You're reading from Introduction to JVM Languages Get familiar with the world of Java, Scala, Clojure, Kotlin, and Groovy

Product type Paperback

Published in Jun 2017

Publisher Packt

ISBN-13 9781787127944

Length 450 pages

Edition 1st Edition

Languages

Clojure

Tools

Akka

Concepts

Programming Language

Author (1):

Vincent van der Leun

View More author details

JVM concepts

Every aspiring JVM developer should be familiar with its most important concepts:

JVM is a virtual machine
Most implementations feature a just-in-time (JIT) compiler
It offers a few built-in primitive datatypes
Everything else is an object
Objects are accessed via reference types
The garbage collector (GC) process removes obsolete objects from memory
Build tools are used a lot in the JVM world

Virtual machine

That the Java Virtual Machine is a virtual machine is a rather obvious observation, but it should be kept in mind. One of the consequences is that you are, in theory, writing applications for a type of machine that differs from the machine you are developing or running your applications on.

It generally does not matter whether the code runs on a 32-bit or 64-bit version of the Java Runtime Environment (JRE). The latter will probably make more memory available to the application than the 32-bit version, but the running program will not care about this difference as long as it doesn't make native operating system calls or require gigabytes of memory.

Unlike a language, such as C, where datatype sizes are dependent on the native system, Java does not have this issue (or feature, depending on your point of view). An int integer on JVM is always signed and is of 32-bit size, no matter on which computer platform or system architecture it is running.
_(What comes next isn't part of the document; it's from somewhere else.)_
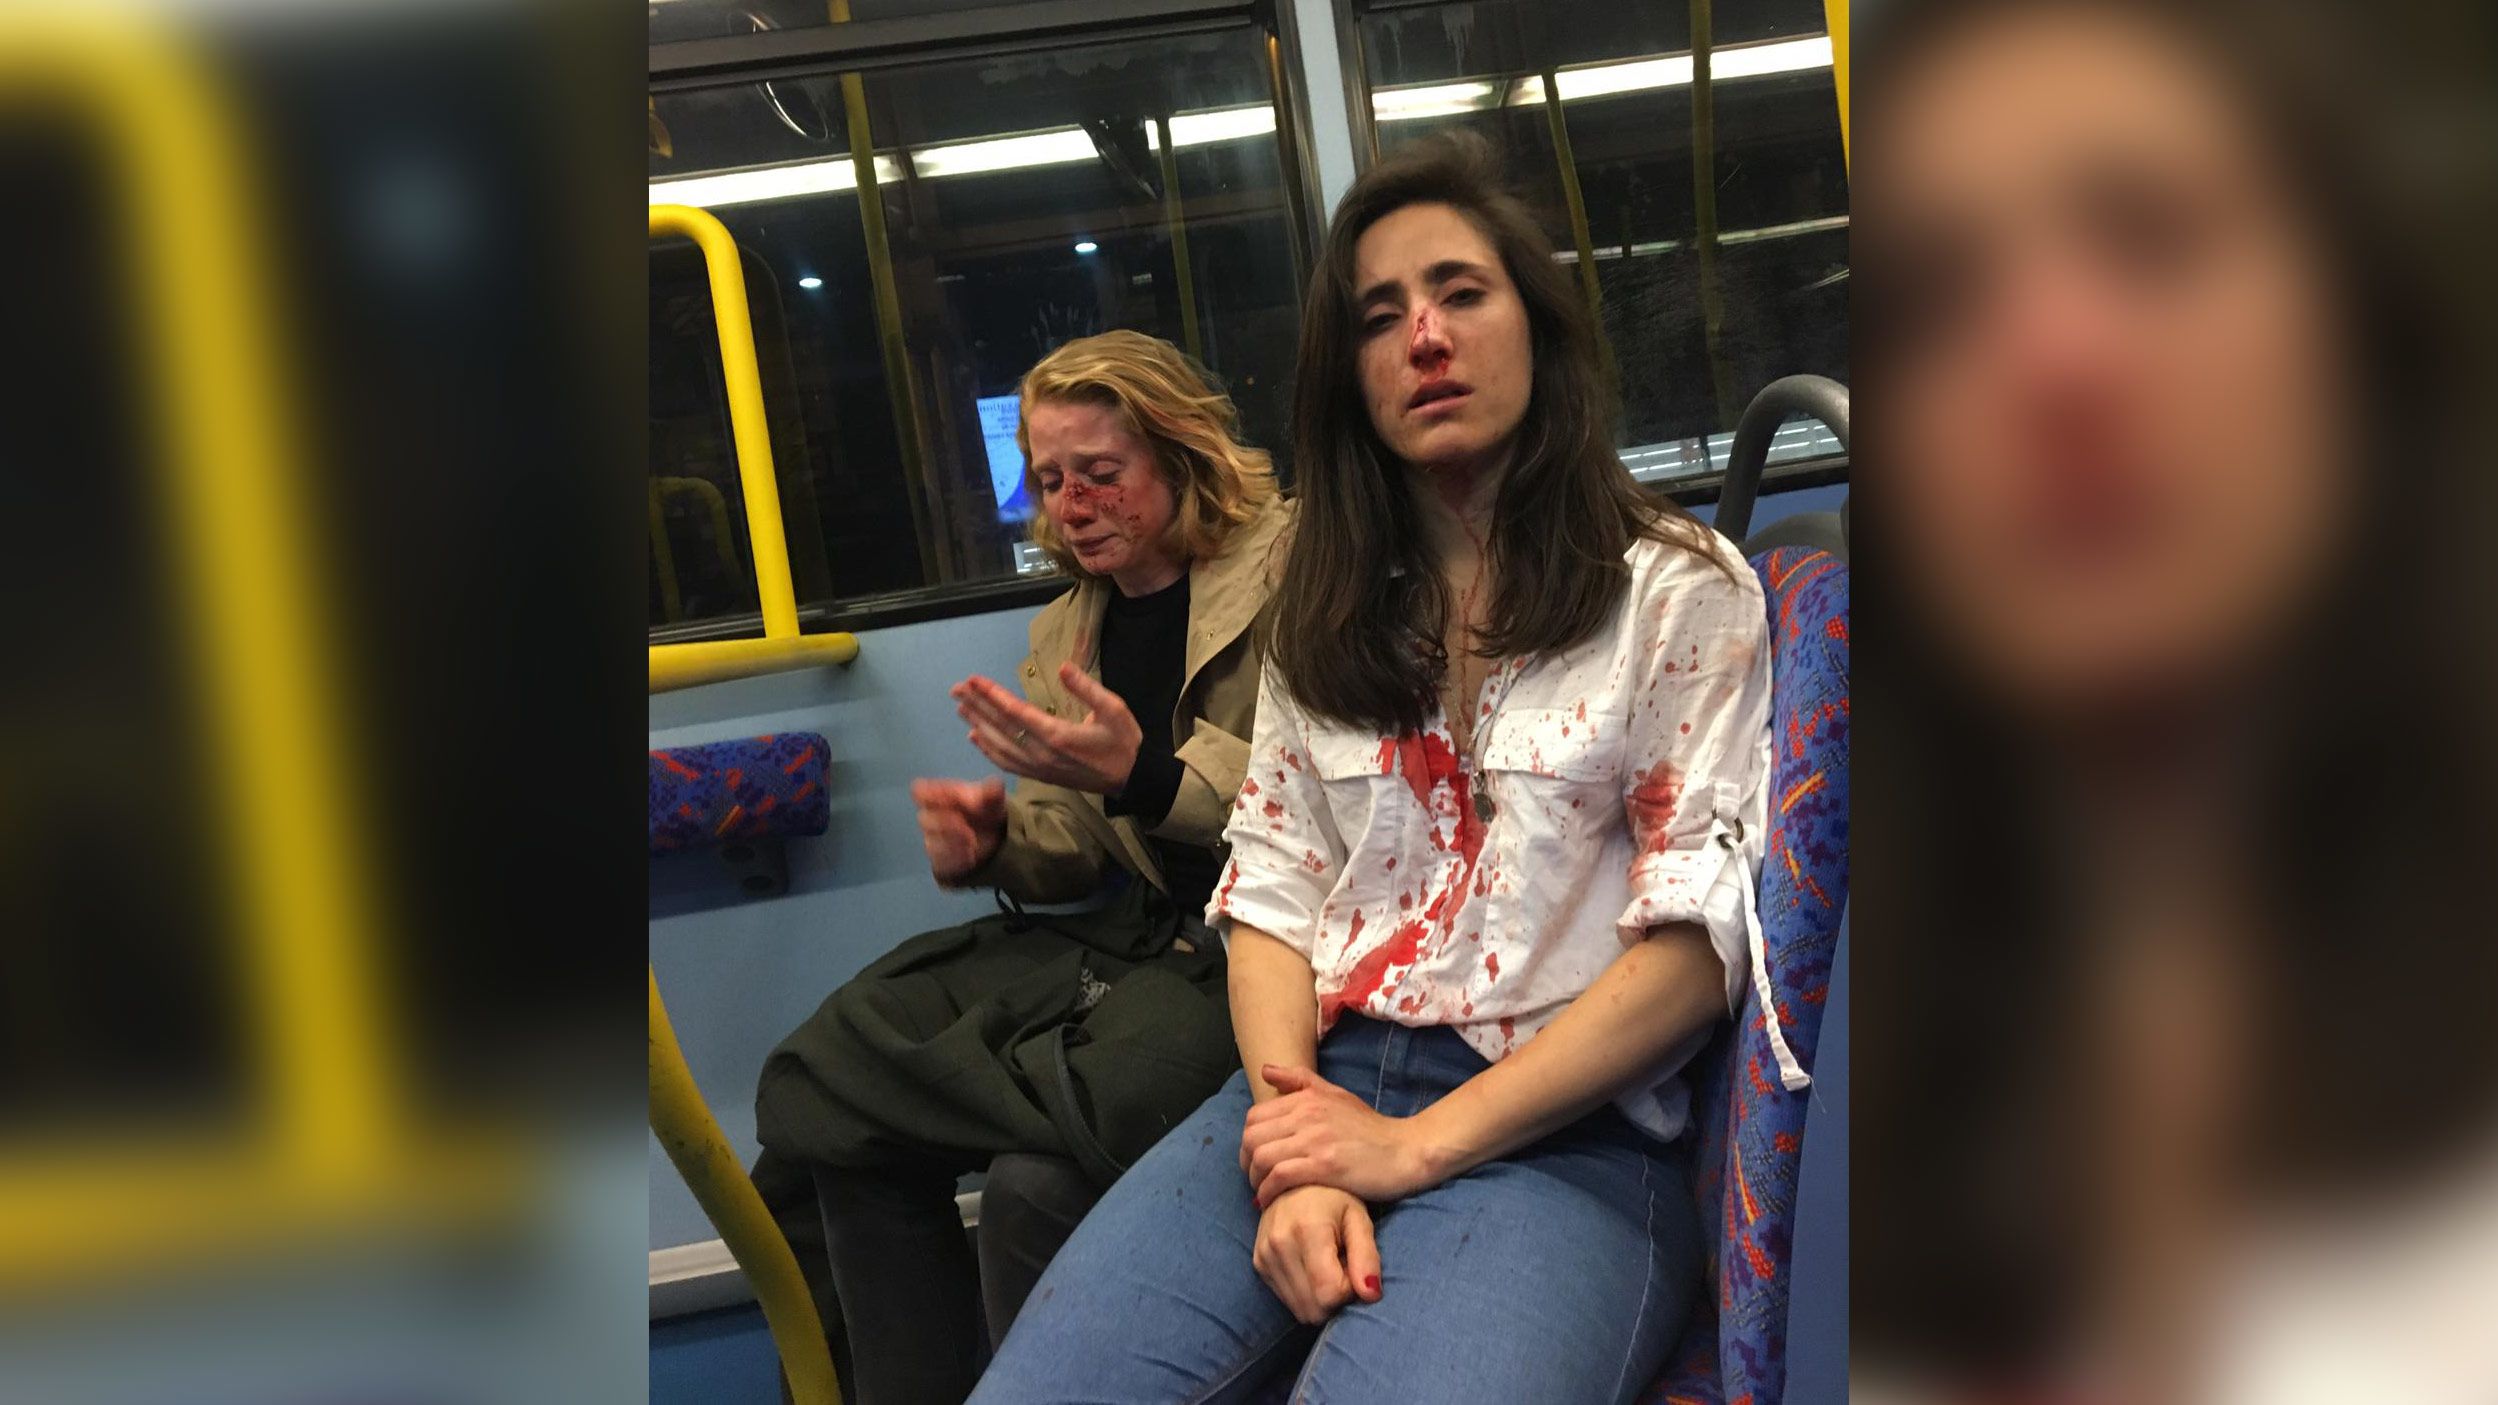 Bus Sleeping Xxx Sex - London bus attack: Lesbian couple viciously beaten in homophobic incident |  CNN

Finally, it should be noted that each application that runs on JVM loads its own instance of JVM on system memory. This means when you run multiple Java applications at the same time, they will all have their own copy of JVM at their disposal; this also means different applications can use different versions of JVM if required for whatever reason. For security reasons, it is not suggested that you have different versions of the JDK or JRE on one system; it's usually better to have only the latest supported versions installed.

The JIT compiler

Although not dictated anywhere, all popular JVM implementations are not just simple interpreters; they feature complex JIT compilers along with their interpreters.

When you launch a Java application, JVM is launched and initialized first. Once this is done, it immediately starts interpreting and running the Java bytecode. If the interpreter believes it makes sense, it will compile sections of the programs and load libraries to native executable code in memory and start executing that version of the code instead of the interpreted Java bytecode version. This often results in code that could be executed much faster.

Whether the code is compiled or interpreted depends on many things. If a routine is called often, it becomes a probable candidate for the JIT compiler to compile it to the native code.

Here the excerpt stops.